Kania smiles, patriots raise funds -- and Poles long for strawberries

Stanislaw Kania seems positively cheerful these days. The Polish leader keeps turning up on television as he trots around the country from one regional party conference to another. He busily explains the party line to each conference as it elects delegates to next month's crucial Communist Party congress.

The cherubic party boss has been getting an exceedingly friendly reception. And it looks genuine -- as though these representatives from the grass-roots organizations are relieved to feel an already perceptibly stronger hand.

Ordinary, noncommunist Poles seem to accept Kania's current middle course between the more ardent reformers and the conservative antireformers as the only way. They seem to recognize that Kania's acknowledged commitment to reform must now be trimmed to realities.

Buoyed by his warm reception around the nation, Kania recently told an official visitor who was not a communist: "This congress is going to be the best our party has never had."

His confidence may be encouraged by visible support from Solidarity chairman Lech Walesa. The independent union leader has not only several times dissociated the union from anti-Soviet acts (such as the daubing of Soviet war memorials) but has also dispatched union activists to help clean them up.

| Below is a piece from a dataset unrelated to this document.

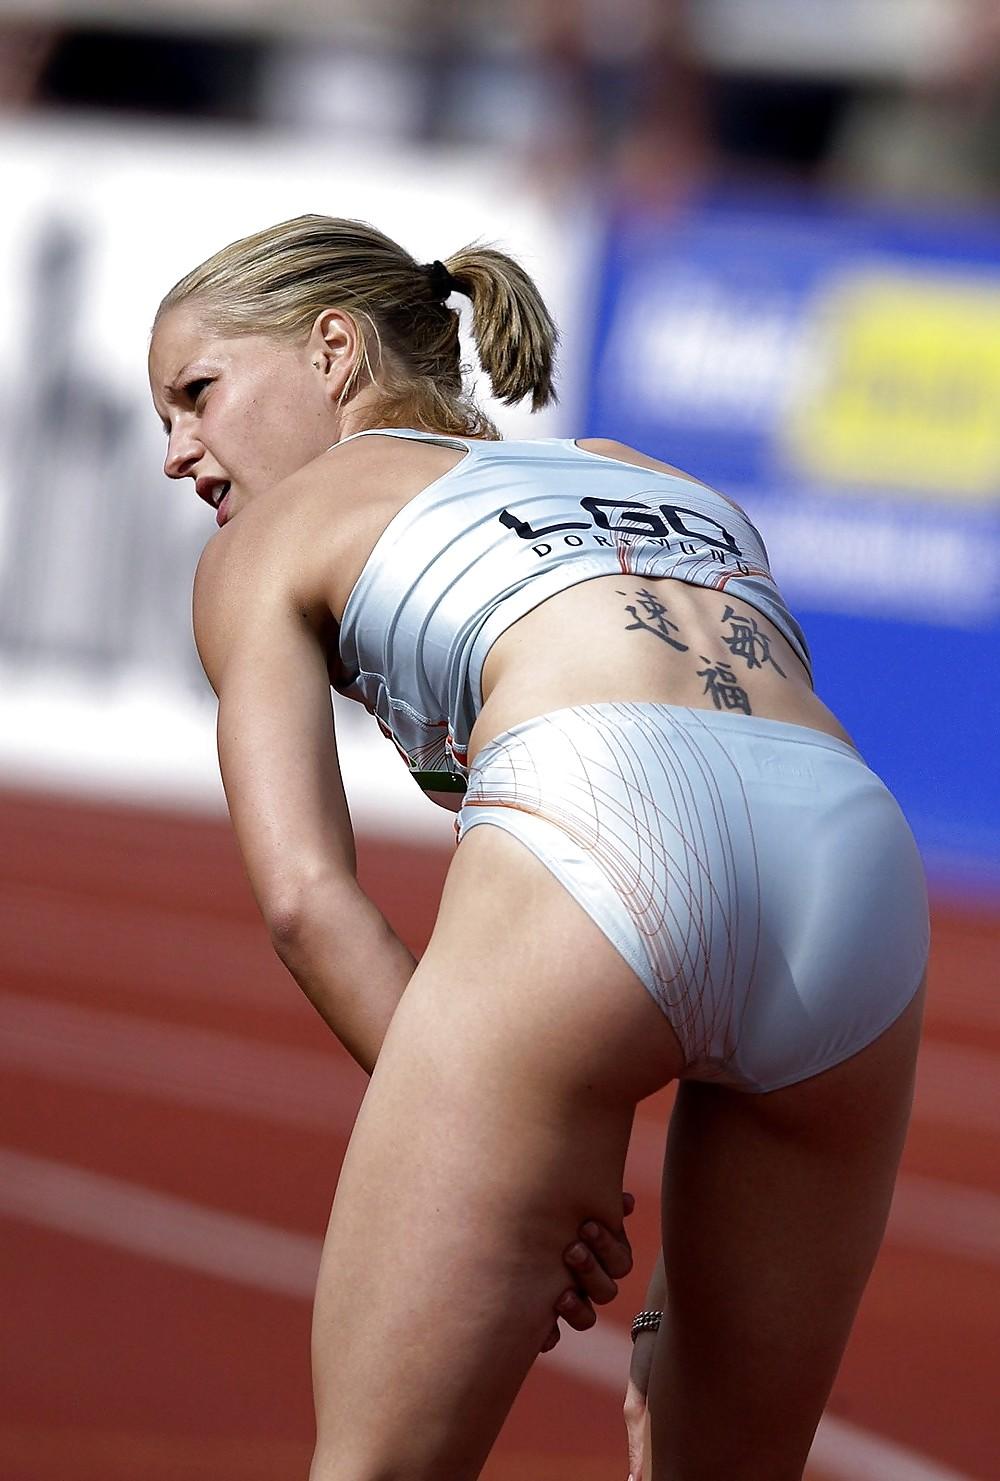 Voyeur sport women

Mr. Walesa has been talking forthrightly about industrial relations. He has praised the way Japanese workers apply themselves to their jobs and the merits of their relations with employers and government.

On returning from the International Labor Organization conference in Geneva, he told a Polish newspaper: "Solidarity must take greater responsibility for its words and actions. Strikes that were typical of us have lost their glamour. Society knows other ways of securing enforcement of agreements . . . ways that do not hurt working people.

"Before we plunge into confrontation, we must weigh the balance of gains and losses. We must not expose people to danger. . . . Some voices say I have gone soft and follow the government. But, if we happen to lose, what shall I say them? The government could not govern in the situation we have had. It mus have peace and certainty. . . ."

Mr. Walesa has also made news by donating his $60,000 Greek trade union prize to completion of the plan to restore the famous Reclawice Panorama to its place in the western city of Wroclaw. It commemorates Tadeusz Kosciuszko's epic victory in the insurrection of 1794 against an attempt by the "hard-liners" of those days to get rid of the democratic constitution of May 3, 1972.

Walesa's gesture prompted some comment. "The money would have bought quite a lot of food," a young Polish woman remarked, "or even built a few small flats."

Other Poles disagreed. To them the panorama is cherished as a hopeful symbol for their troubled present. Years ago a start was made to restore it to the heart of Wroclaw. That was abandoned. Now -- tanks partly to Mr. Walesa -- it is at last to be finished.

A few weeks ago Wroclaw's biggest theater sold out a benefit performance of Jerzy Sito's verse play, "Polonez." The play deals with one of those sensitive bits of history that have been taboo here for years -- the period in which the Russians and other powers busily partitioned Poland from time to time.

Sito wrote it in 1979, but it could not be staged here until last January. It's been playing to packed houses ever since. It is not surprising: Much of it has an echo in Poland's more recent experience. And that benefit brought another 90,000 zlotys (about $3,000) to the panorama restoration fund.

Poles like strawberries as much as anyone (even when, like now, there is no cream to go with them). But they have had a hard time finding any, although the crop is plentiful and the prices reasonably by Polish standards.

Why?Because the bulk of the first luscious fruit went to processing instead of to consumers. "Appalling ineptitude," declared the newspaper Trybuna Ludu.

This is only one of many irritants consumers must endure. All too often the organization or the will do not exist to get things -- especially peri shables like strawberries -- to consumers quickly.